I switched off the camera and stepped back. Still watching me closely, Anna was visibly relieved and more than happy to leave the vicinity of the nest to the patrolling ants. There are times and places in which I will take chances or push the envelope a little, but as I assured Anna, I do not do anything overtly dumb.

My incredibly understanding wife, of course, would sigh knowingly and beg to differ.

VI


SHARKS I HAVEN’T JUMPED

Bismarck Sea, September 1997


I’M OFTEN ASKED WHICH OF all the places I have visited is my favorite. The question is impossible to answer because one inevitably ends up trying to compare apples to oranges. Actually, apples are more comparable to oranges than Italy is to Indonesia, or Brussels to Burkina Faso. I can contrast Rome with Madrid, or Yekaterinburg with Chicago, but not Peru with Prague.

Every place I have ever been has something to recommend it; every person I have ever met something to commend them. Or as my wife succinctly puts it, “You have no taste: You like everyplace and everybody.” To this assertion, I must plead mostly guilty.

While it is impossible to offer an all-inclusive answer to the query, it is possible to break down encounters into categories. For walking, my favorites would be Manhattan and London. For history, Prague and Rome. For sheer surprise, Istanbul. For animal life, South Africa. For Nature in the raw, Namibia, Gabon, and Peru. The most beautiful natural places I have seen on Earth are the immeasurably vast Grand Canyon of Arizona, the Tolkienesque Lofoten Islands of Norway, Venezuela’s otherworldly Canaima National Park, the untouched underwater marvels of West Papua, and my number-one choice, the incomparable Iguazú Falls on the border between Argentina and Brazil.

But for an all-around, utterly fascinating, highly diverse step back in time, the prize goes hands-down to Papua New Guinea.

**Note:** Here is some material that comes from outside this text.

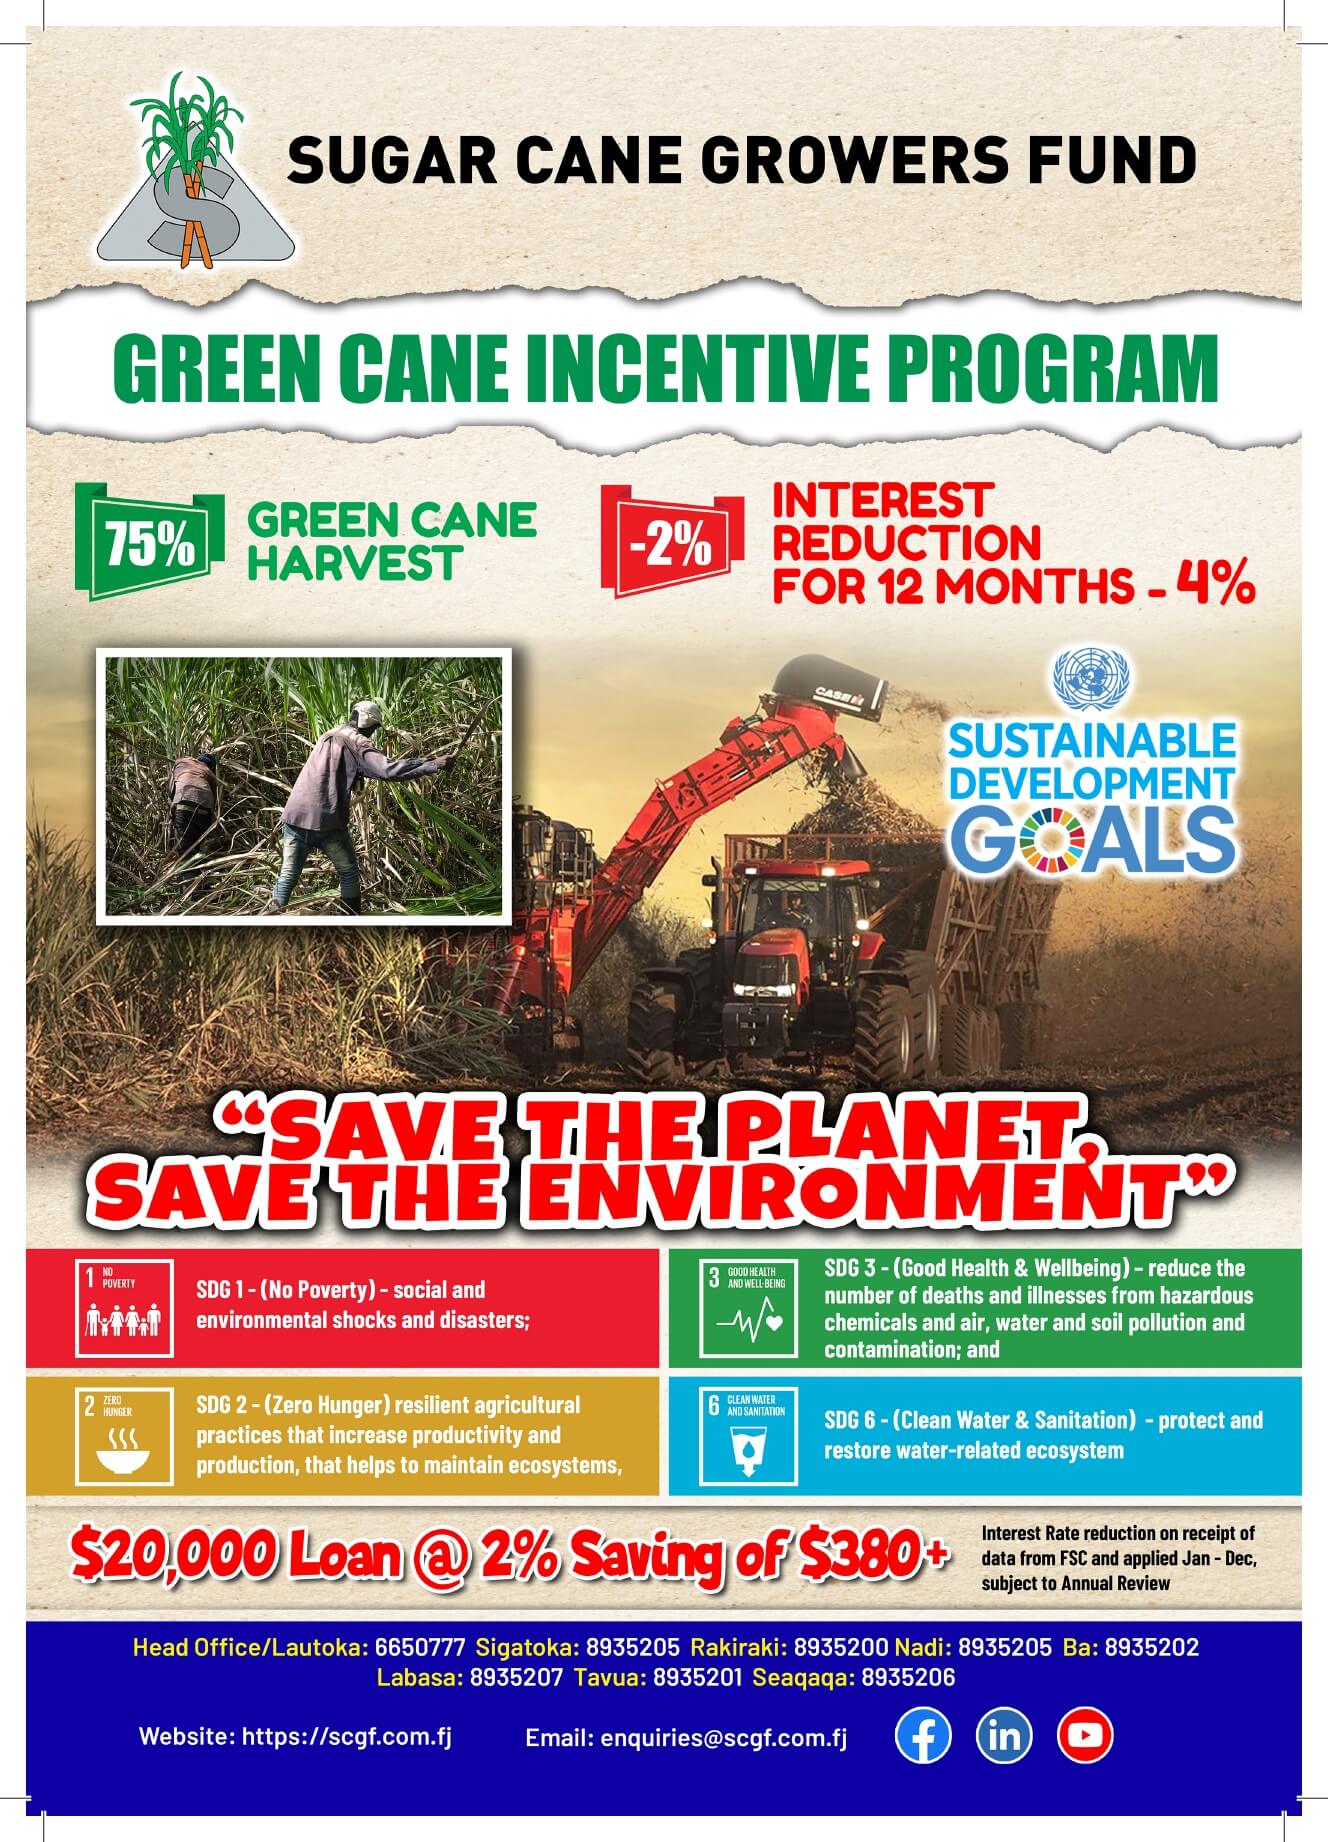 Green Cane Incentive Program

This is a land replete with spectacular sights both above and below the water. Vibrant with amazing human cultures that have survived largely unchanged for thousands of years, swarming with remarkable animals, it can boast whole regions that have yet to be touched by Western civilization. There is simply no place like it left on Earth.

Among its unrivaled attractions, up in the Bismarck Sea north of the large, lush island of New Hanover, there used to be a place of magic called Silvertip Reef.

Sharks, I try to explain to the querulous who know them only from what they have seen in film and on television, are no different from dogs. Leave a shark alone, and it will behave very much like any neighborhood pooch. Encountering a stranger, it sizes them up, tries to take a sniff or two, attempts to ascertain if you qualify as either a danger (swim away!) or potential food (sniff harder), and eventually reaches a decision based on these observations. Dump a tub of blood and fish guts into the water in close proximity to curious sharks, and you sometimes are rewarded with what has melodramatically been labeled a “feeding frenzy.”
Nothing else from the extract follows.